# [DESCRIPTION OF THE TASK]
Output exactly the lines from the one containing "Traditional Indian Drink" through the final line of the entries below, both included, and skip the pictures.

Collected data:
==========

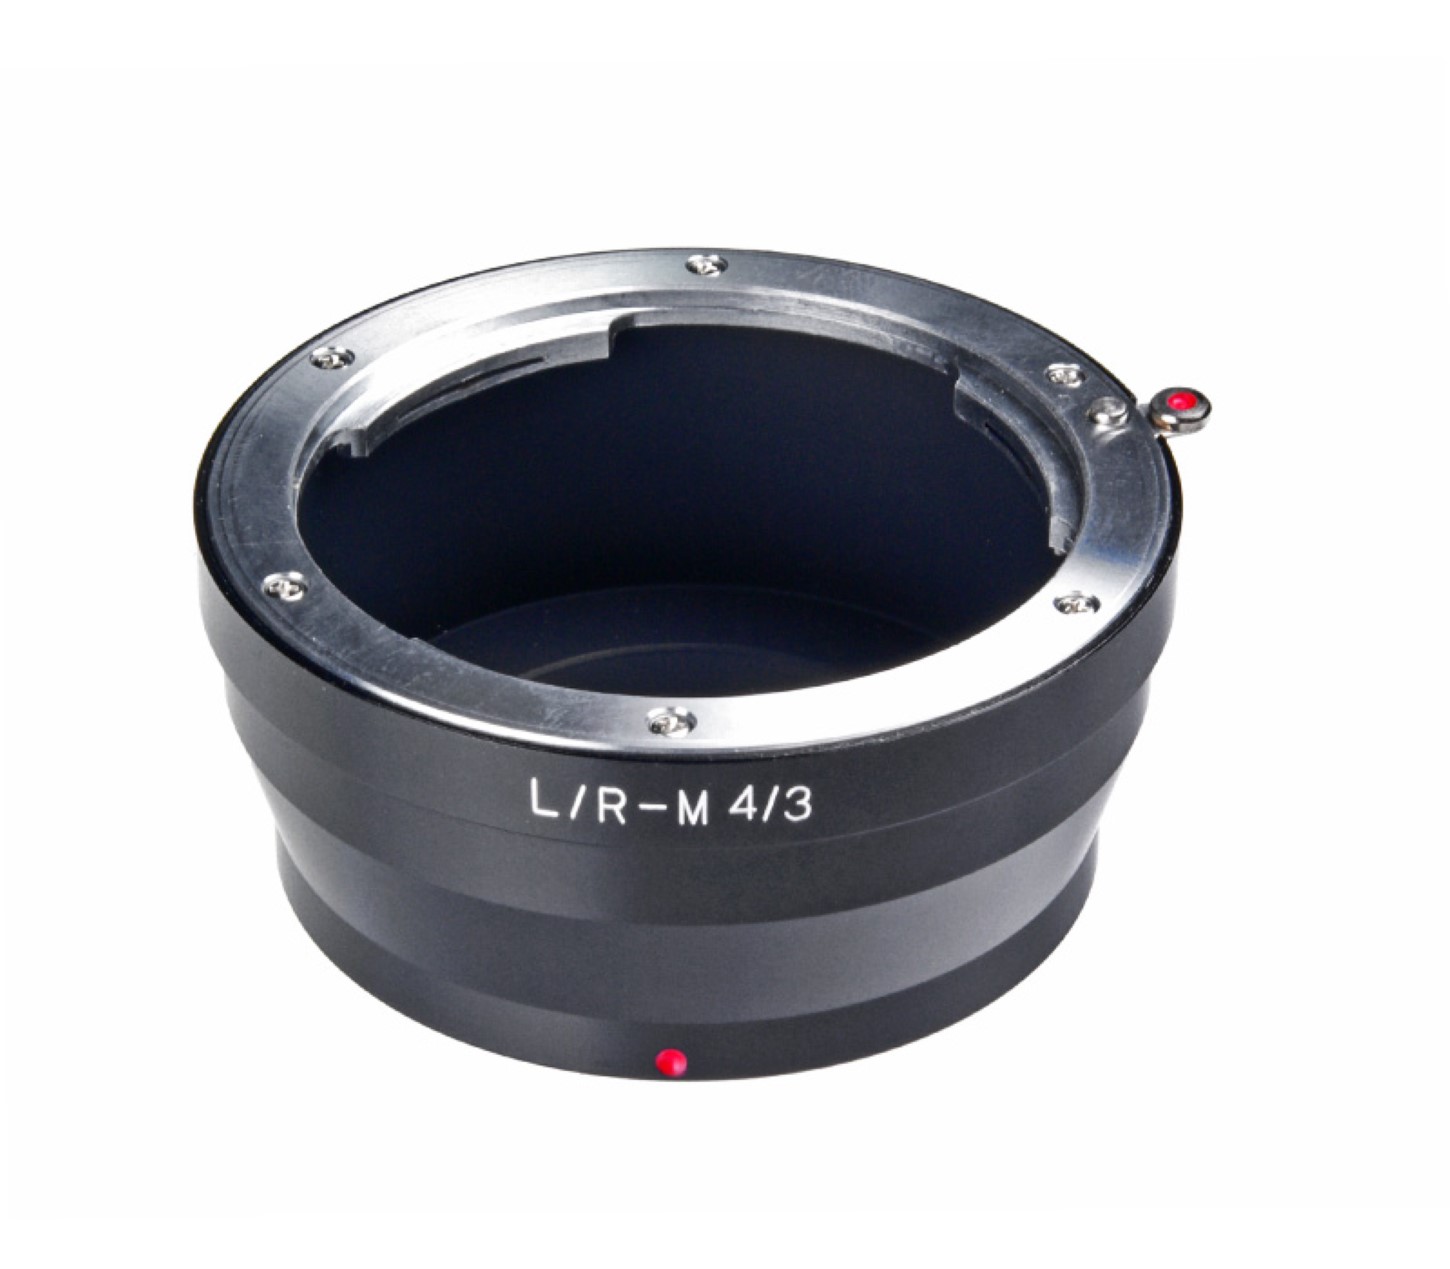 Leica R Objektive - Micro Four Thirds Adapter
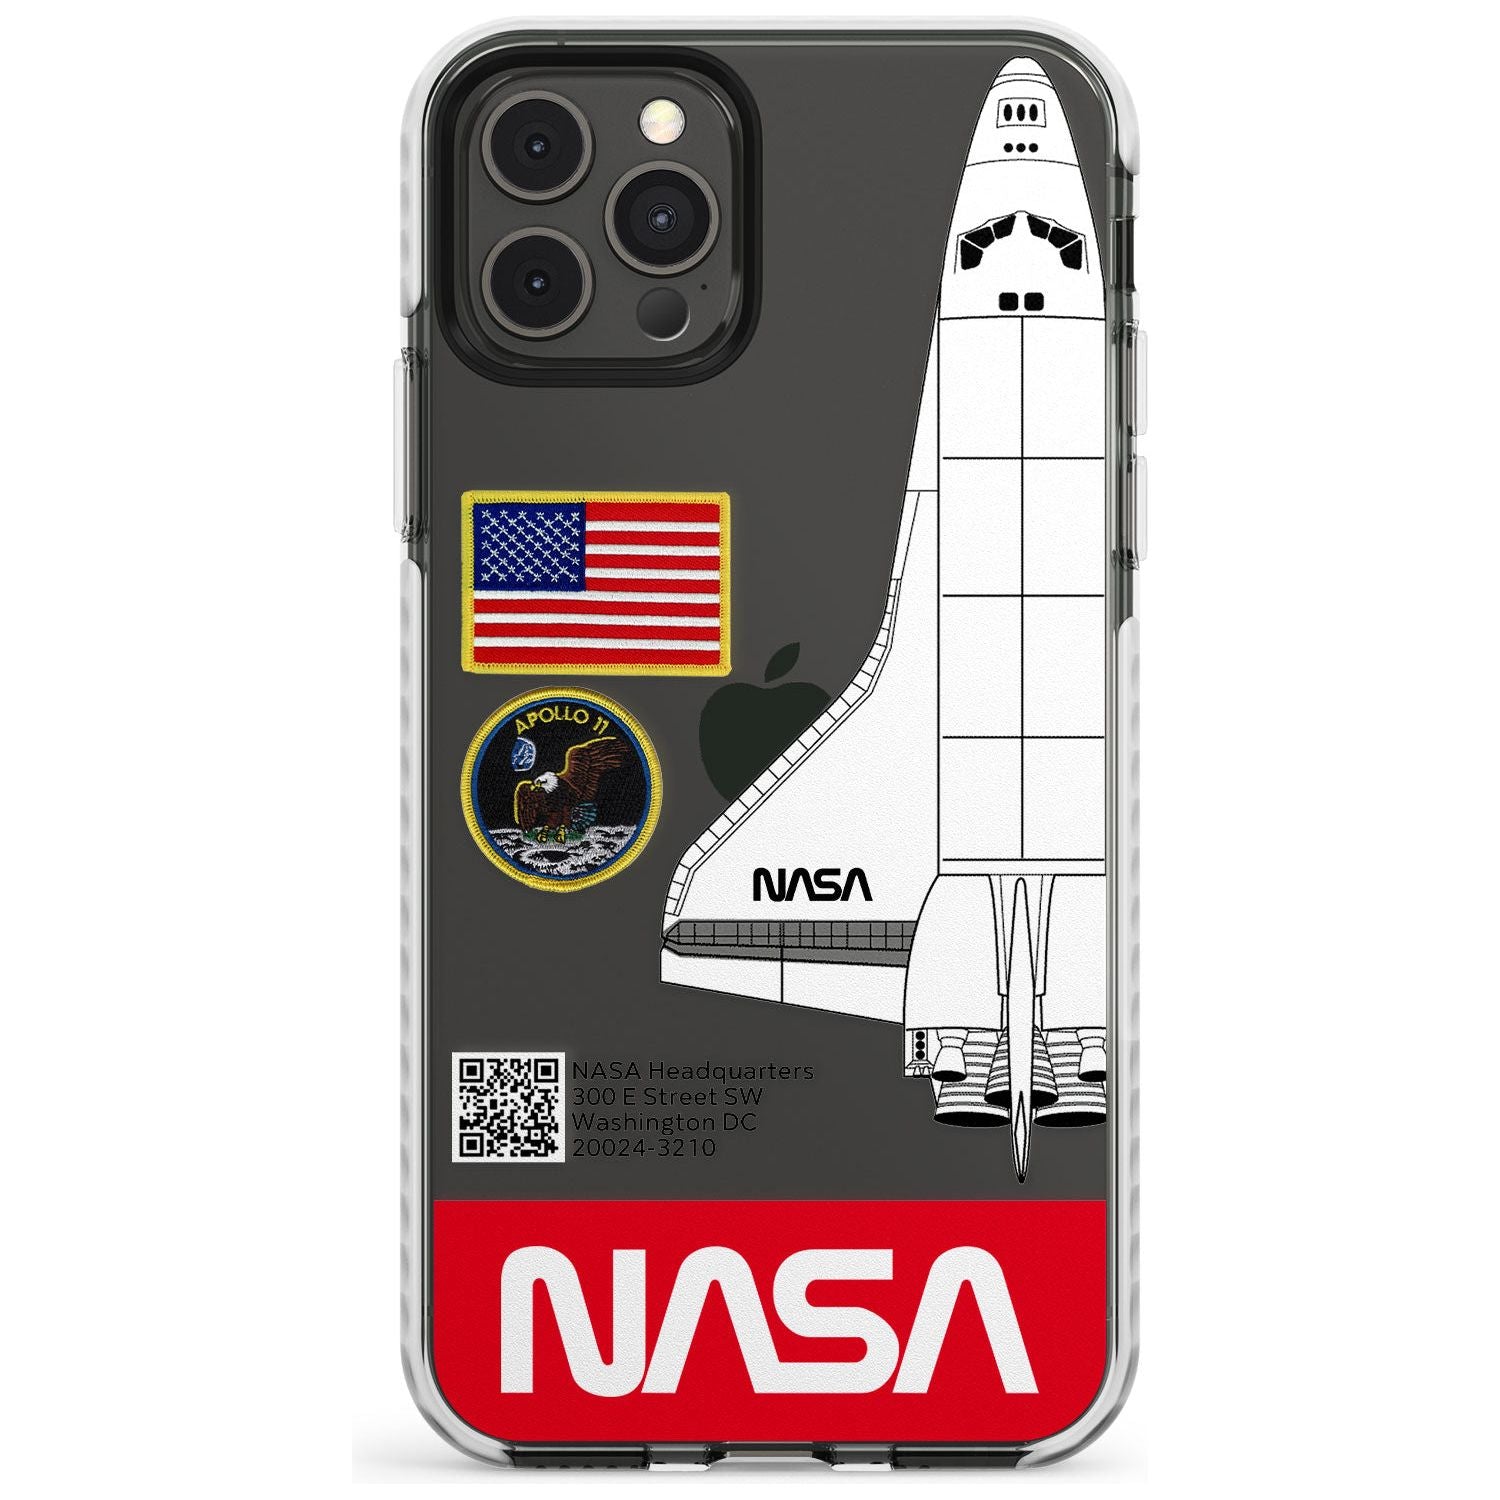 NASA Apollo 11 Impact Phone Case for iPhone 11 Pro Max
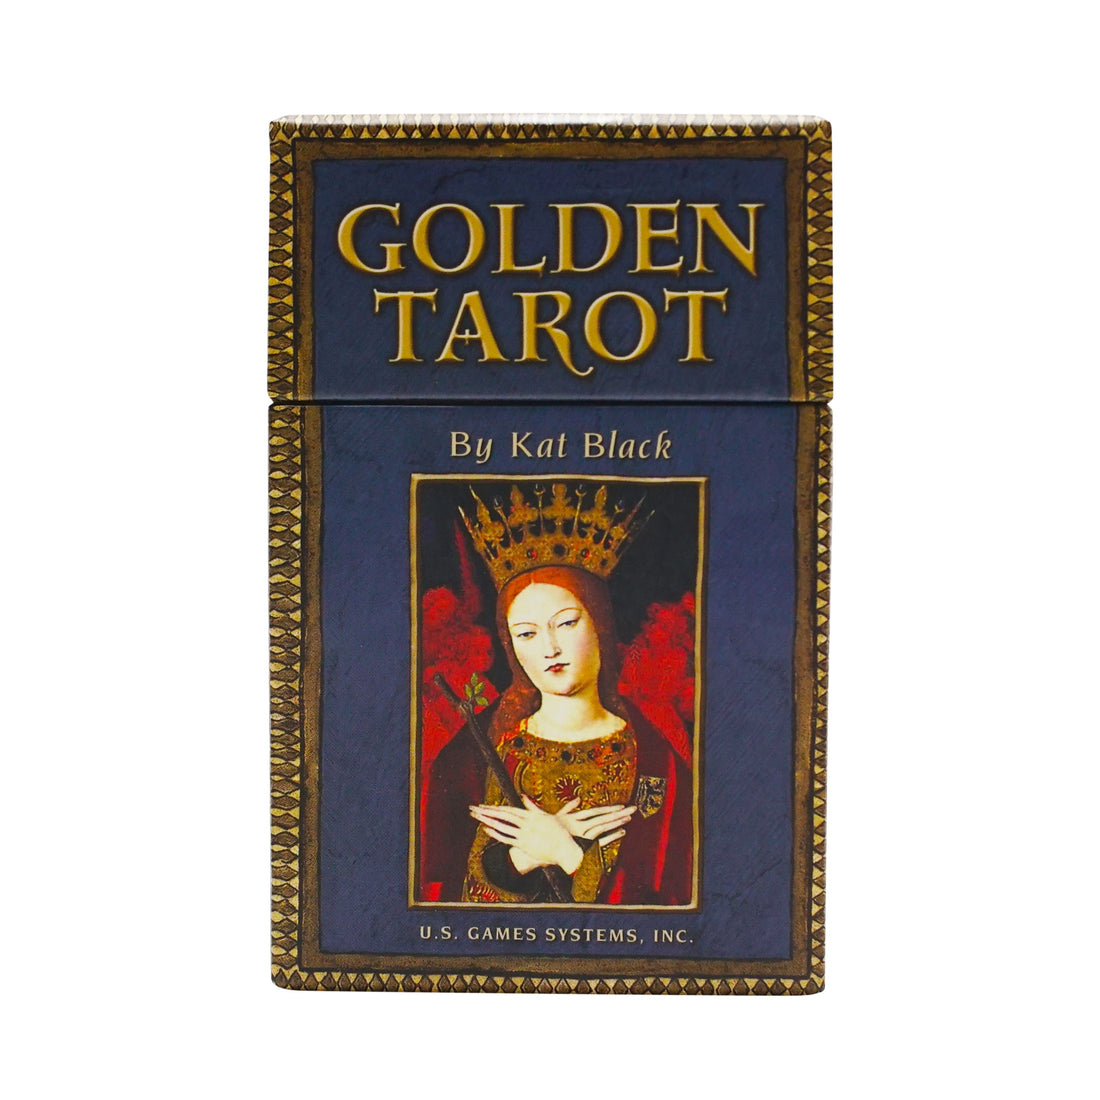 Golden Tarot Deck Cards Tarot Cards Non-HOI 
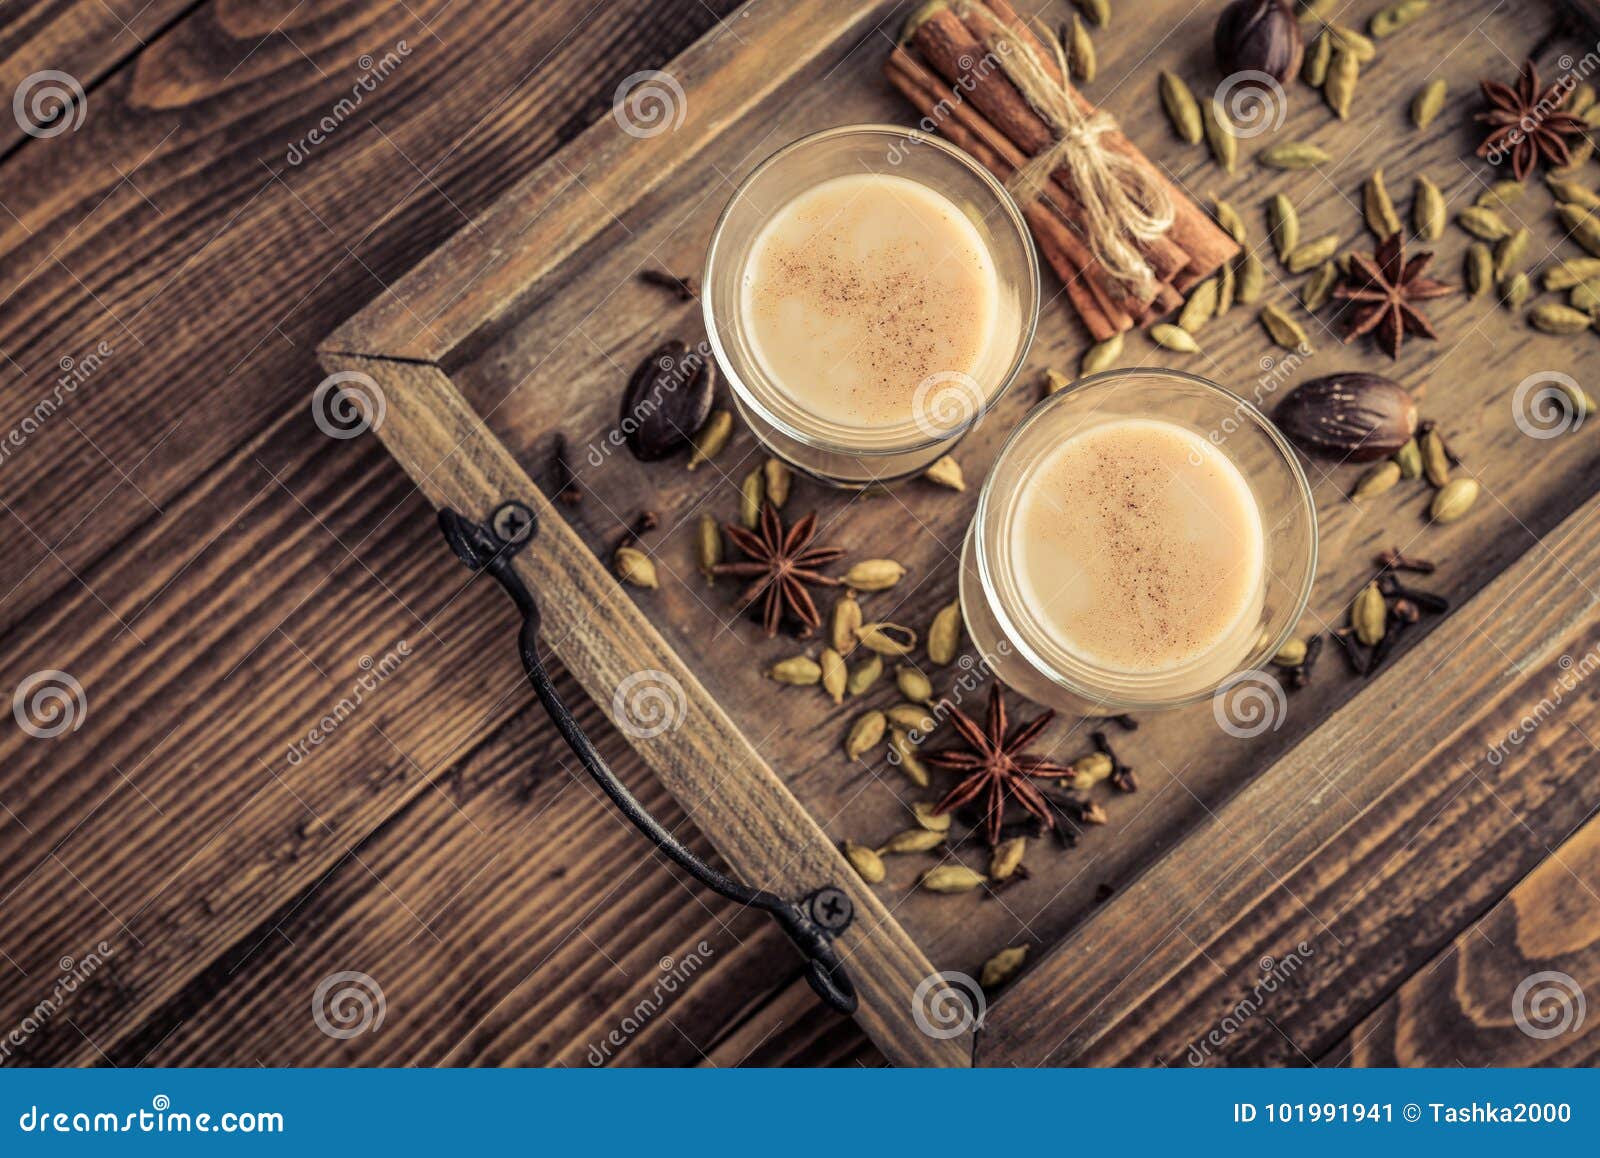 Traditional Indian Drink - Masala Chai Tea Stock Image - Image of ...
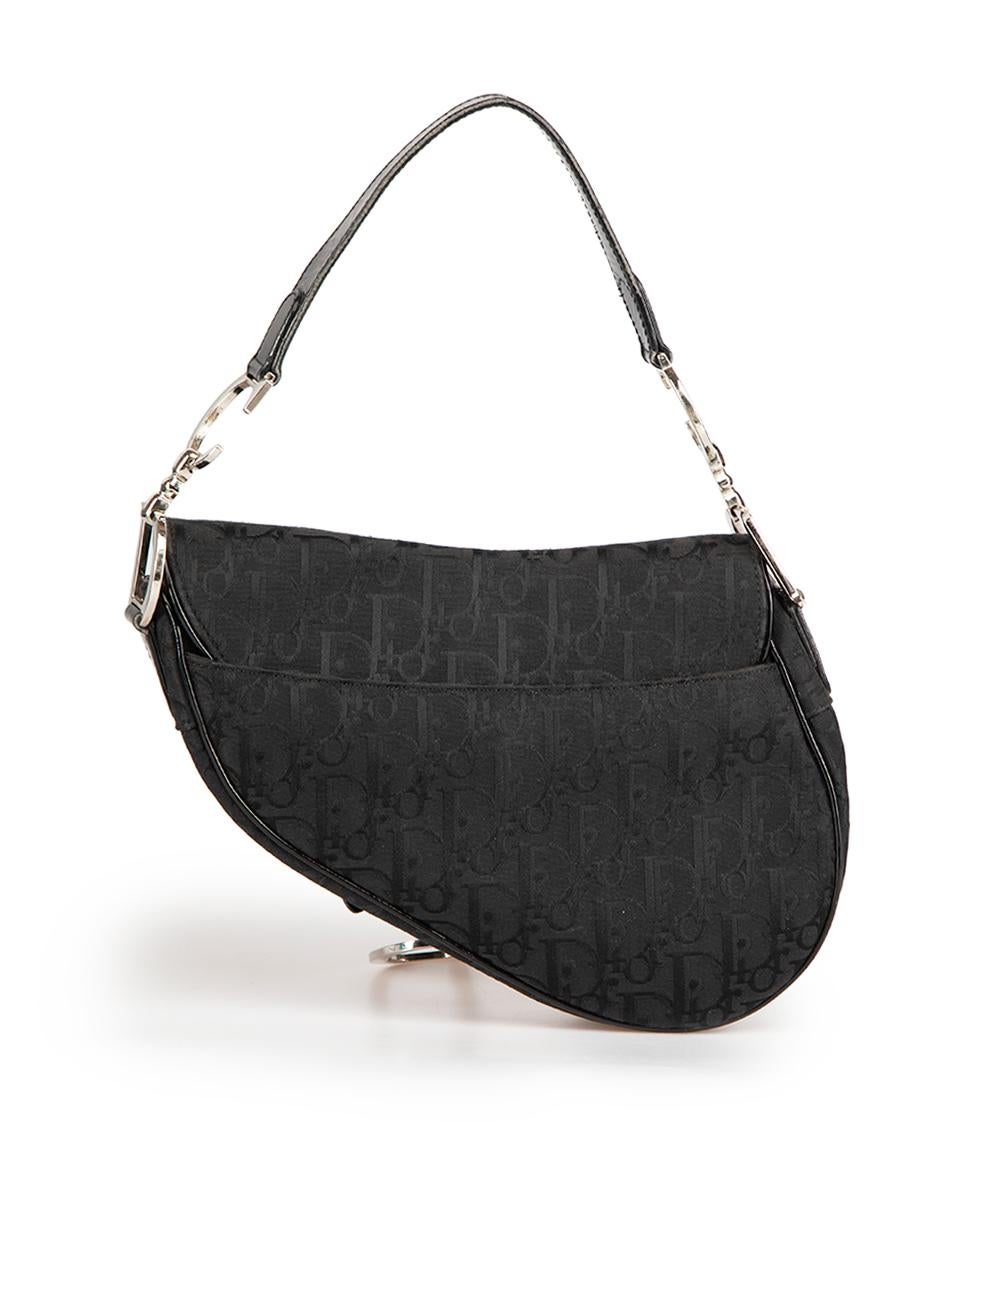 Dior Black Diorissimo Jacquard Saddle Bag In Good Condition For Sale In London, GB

==========

# [REPLY TO THE EXERCISE]
 Traditional Indian Drink - Masala Chai Tea Stock Image - Image of ...
 Dior Black Diorissimo Jacquard Saddle Bag In Good Condition For Sale In London, GB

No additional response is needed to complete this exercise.